Garo Paylan: Bu ülkenin barışına en büyük tehdit Süleyman Soylu'dur
HDP Diyarbakır Milletvekili Garo Paylan, İçişleri Bakanı Süleyman Soylu'ya, "Geçmişte de güvenlik toplantısında Hakan Fidan diyor ki 'Sınırın ötesine geçeriz, birkaç füze atarız, sınır ötesi harekatı gerekçelendiririz' diyor. Bugün de Sayın Soylu, 'Kobani'den emir geldi' diyerek sınır ötesi yeni bir harekatın gerekçesini yapmak istiyor. İşte toplumsal barışımıza en büyük tehdit budur. Yine Başbakan diyor ki 'Devletin uçağı ile bir ton uyuşturucu taşındı, benim Başbakanlık uçağımda’. Niye? 90'larda Susurluk Çetesi vardı, ‘vatan, millet’ diyerek uyuşturucu kaçıyorlardı. Bugün de ‘vatan, millet’ diyerek uyuşturucu kaçakçılığı yapılıyor. Devletin uçağıyla yapılıyor. Bu ülkenin barışına en büyük tehdit Süleyman Soylu'dur" dedi.

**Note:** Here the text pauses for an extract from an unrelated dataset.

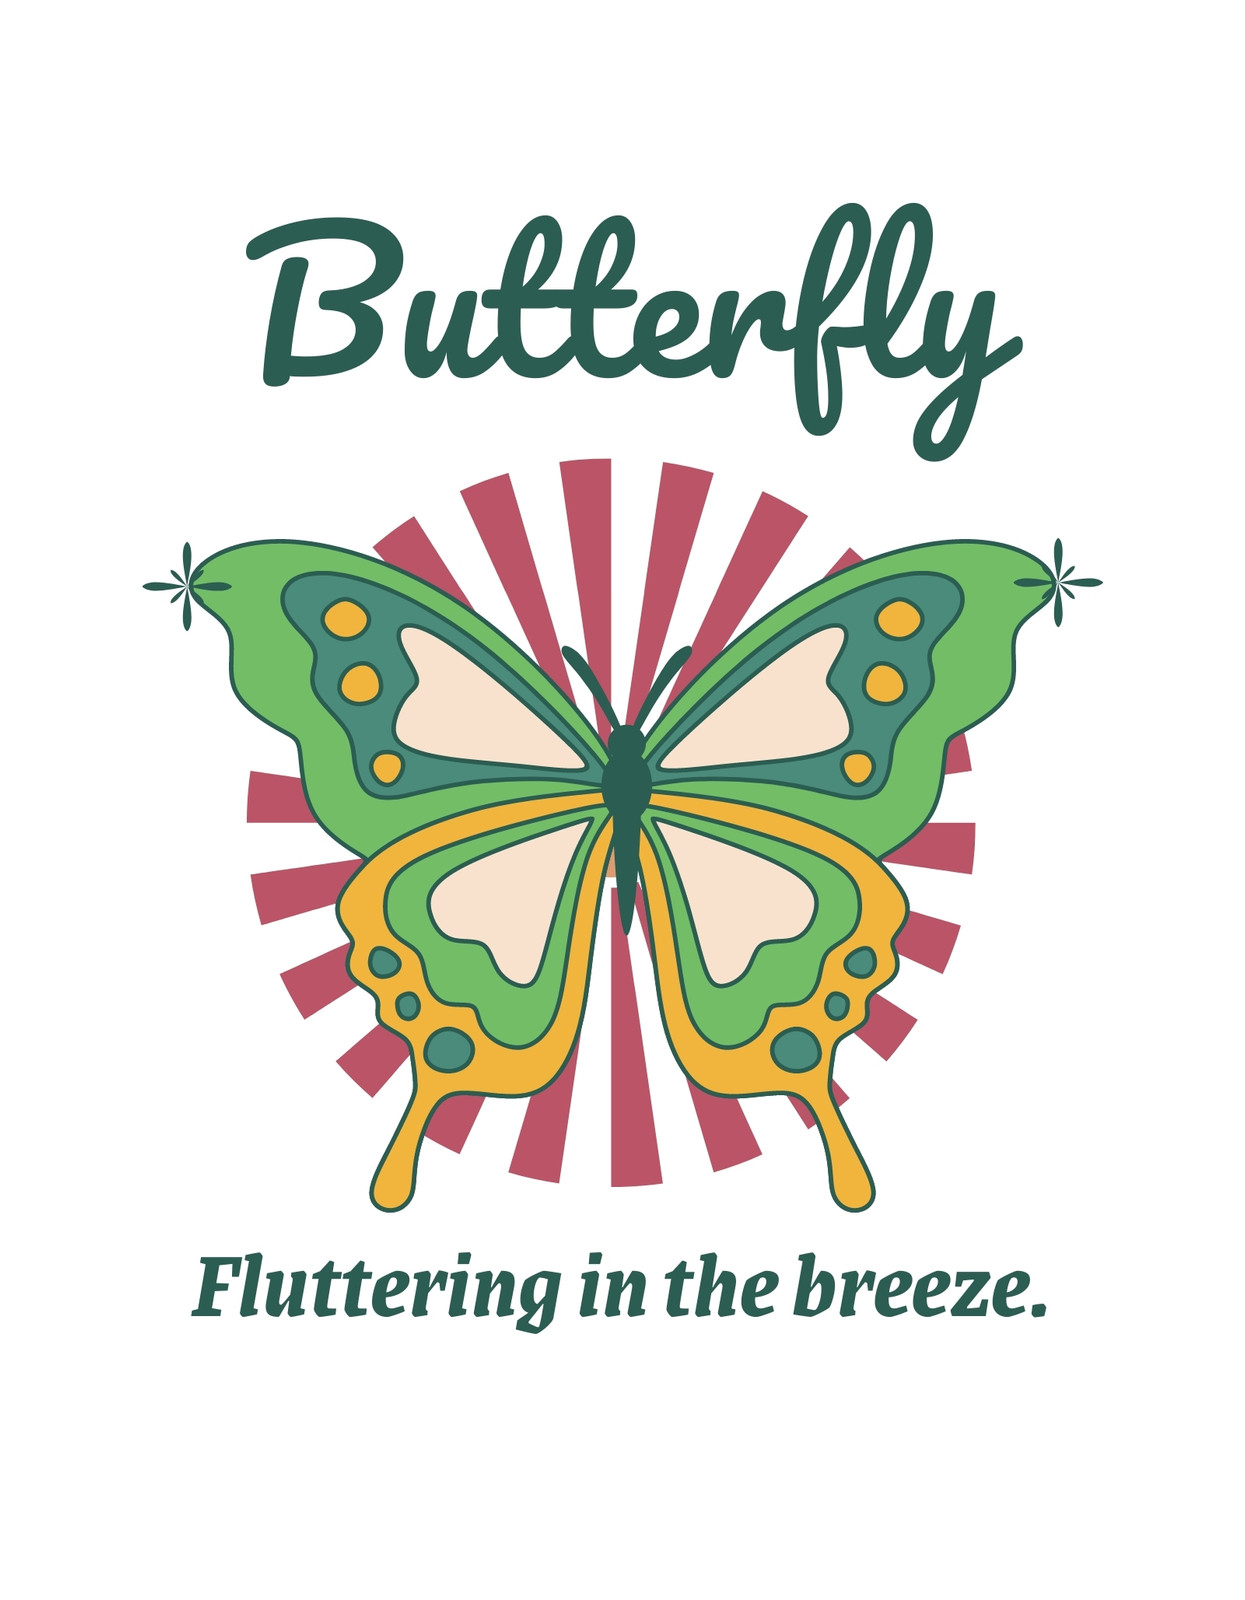 Page 9 - Free and customizable butterfly templates

ANKATBMM Plan ve Bütçe Komisyonu'nda bugün İçişleri Bakanlığı ve ona bağlı kurumların bütçeleri görüşülüyor.
Komisyonda söz alan Garo Paylan, "Geçtiğimiz günlerde İstiklal Caddesi'nde gerçekleşen terör saldırısını kınıyorum ve lanetliyorum. Bize düşen yalnızca kınamak ve lanetlemek değil. Bu saldırı ile ilgili hayatını kaybedenlerin ailelerine ve yaralananlara adalet borçluyuz. On yıllardır bu ülkede pek çok provokasyon oluyor. Türkiye'deki siyasetçiler yalnızca kınama ve lanetleme yapıyorlar. Olayın hakikatine gidilemiyor. O, Mehmet Ağar'ın bahsettiği tuğla maalesef çekilemiyor" diye konuştu.
"BÖYLE BİR İSTİHBARAT ELEMANI GÖRDÜNÜZ MÜ"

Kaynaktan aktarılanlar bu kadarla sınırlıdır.